The decline didn't quite start then, but the drop in population is certainly
one of the big contributing factors.

------
dionidium
A few random thoughts reading this as a St. Louisan. Similar views can be had
here:

[https://www.google.com/maps/@38.6349498,-90.2105613,1547a,20...](https://www.google.com/maps/@38.6349498,-90.2105613,1547a,20y,41.29t/data=!3m1!1e3)

That same neighborhood from the ground:

[http://instagram.com/p/qZ9CXbhAXu/](http://instagram.com/p/qZ9CXbhAXu/)

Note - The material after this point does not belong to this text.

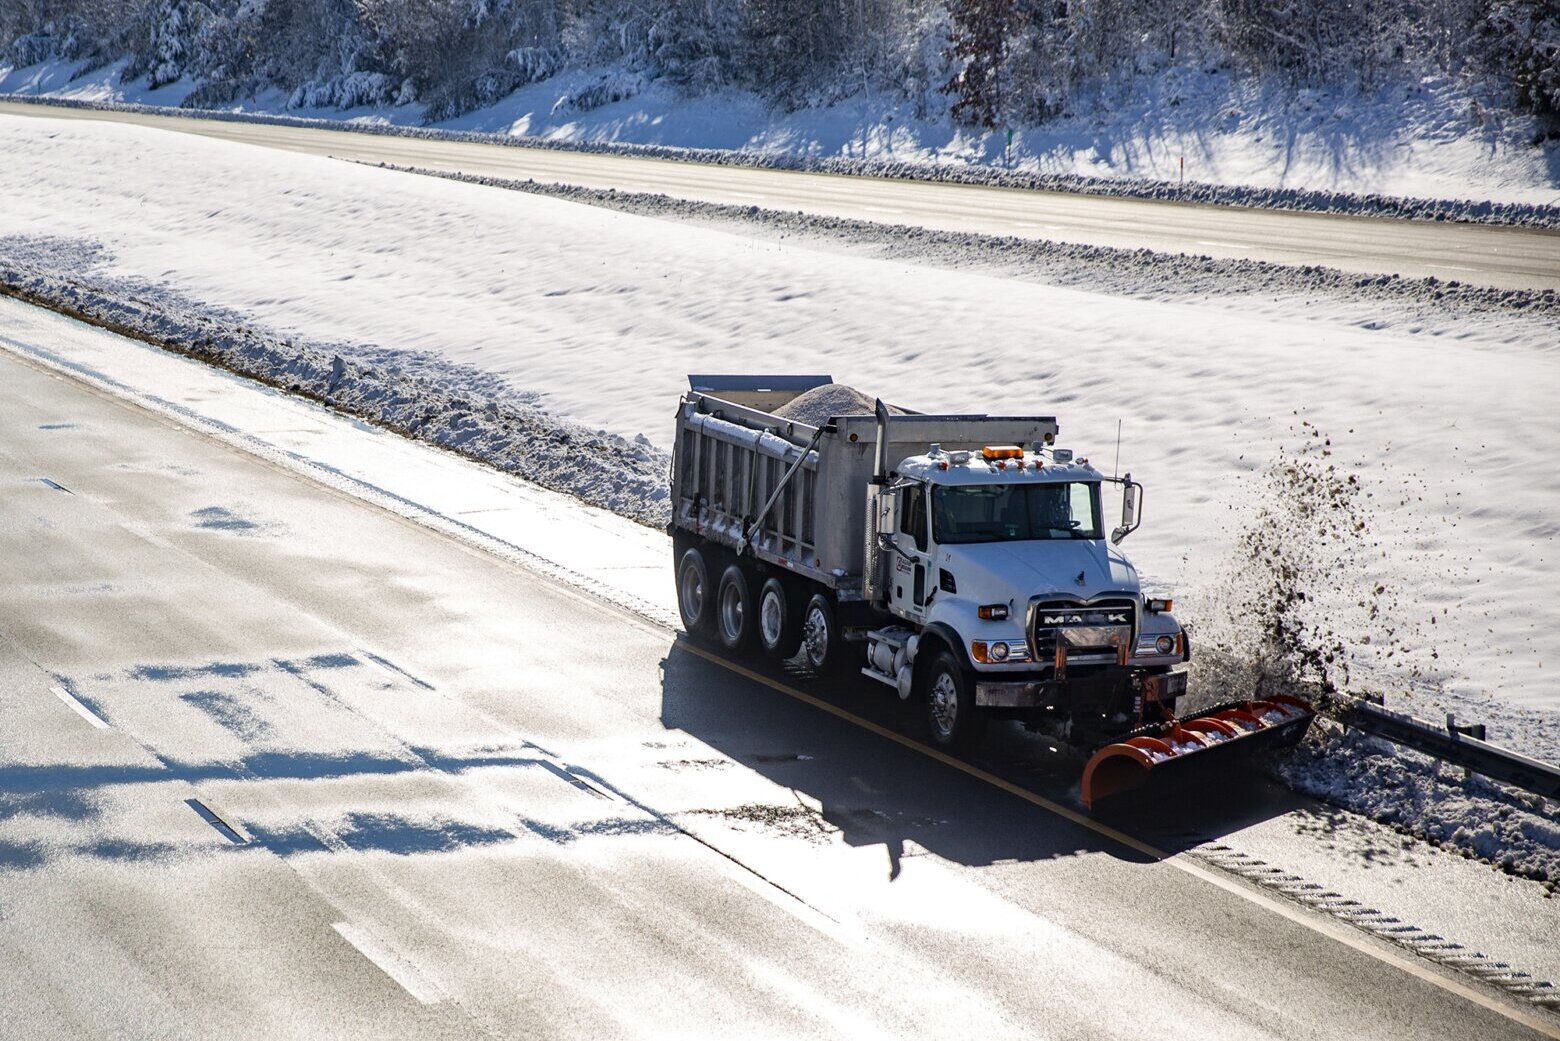 VDOT to begin pretreatment of I-95 Thursday ahead of winter weather
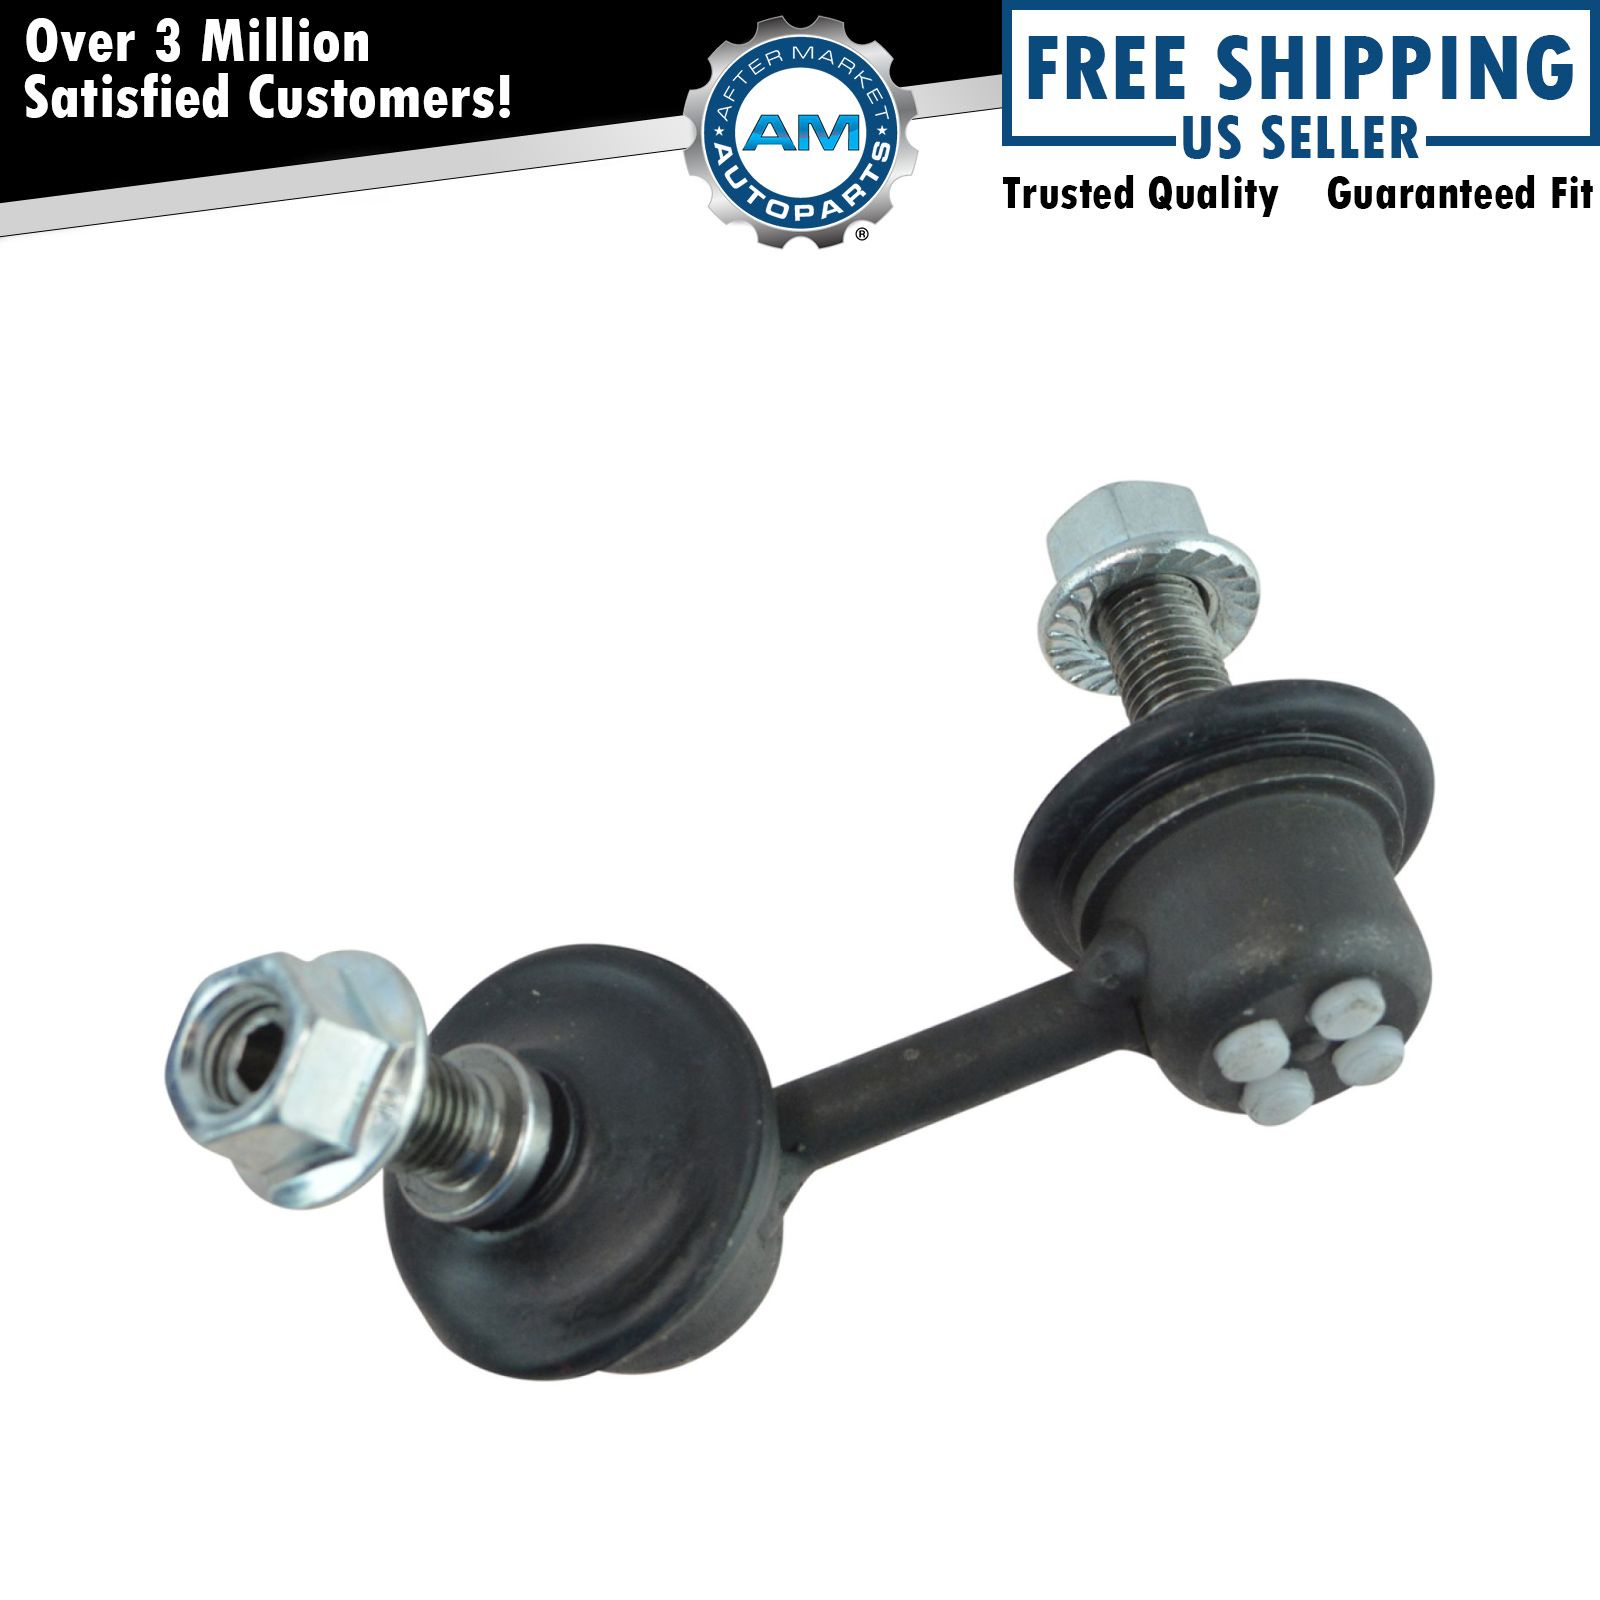 4PC Front Stabilizer Sway Bar Link Pair for 2000-2005 Hyundai Accent

Also, noticed some tags that are present here, too. For example, the REFT in
that shot of the Eastern Market District. Here's one from St. Louis:

[http://instagram.com/p/vMiNSnhAT-/](http://instagram.com/p/vMiNSnhAT-/)

------
zenocon
As a local, it is encouraging that what the pilot sees from the air, I also
see from the ground:

> _From the air today, the decline appears to be slowing. The spaces once
> covered in rubble are cleared and mowed. Open green spaces, along with new
> community gardens and orchards, look almost bucolic against the downtown
> skyline. From my plane, I sense the potential for resurgence in these
> areas._

> _I think that the inner ring of Detroit will win out in the long run, as
> cities are and will continue to be the greenest places to live on a per-
> capita basis._

It is really, really hard to bring a city back from this, but it is happening
here.

------
FunCaptcha_Jim
As I live in Australia, to see a city like this in such a state is saddening.
Of course, everyone has heard stories of Detroit's issues but to see them so
starkly pictured is pretty confronting. What's the current economic state of
Detroit? Is it still in decline or is there reason to be optimistic?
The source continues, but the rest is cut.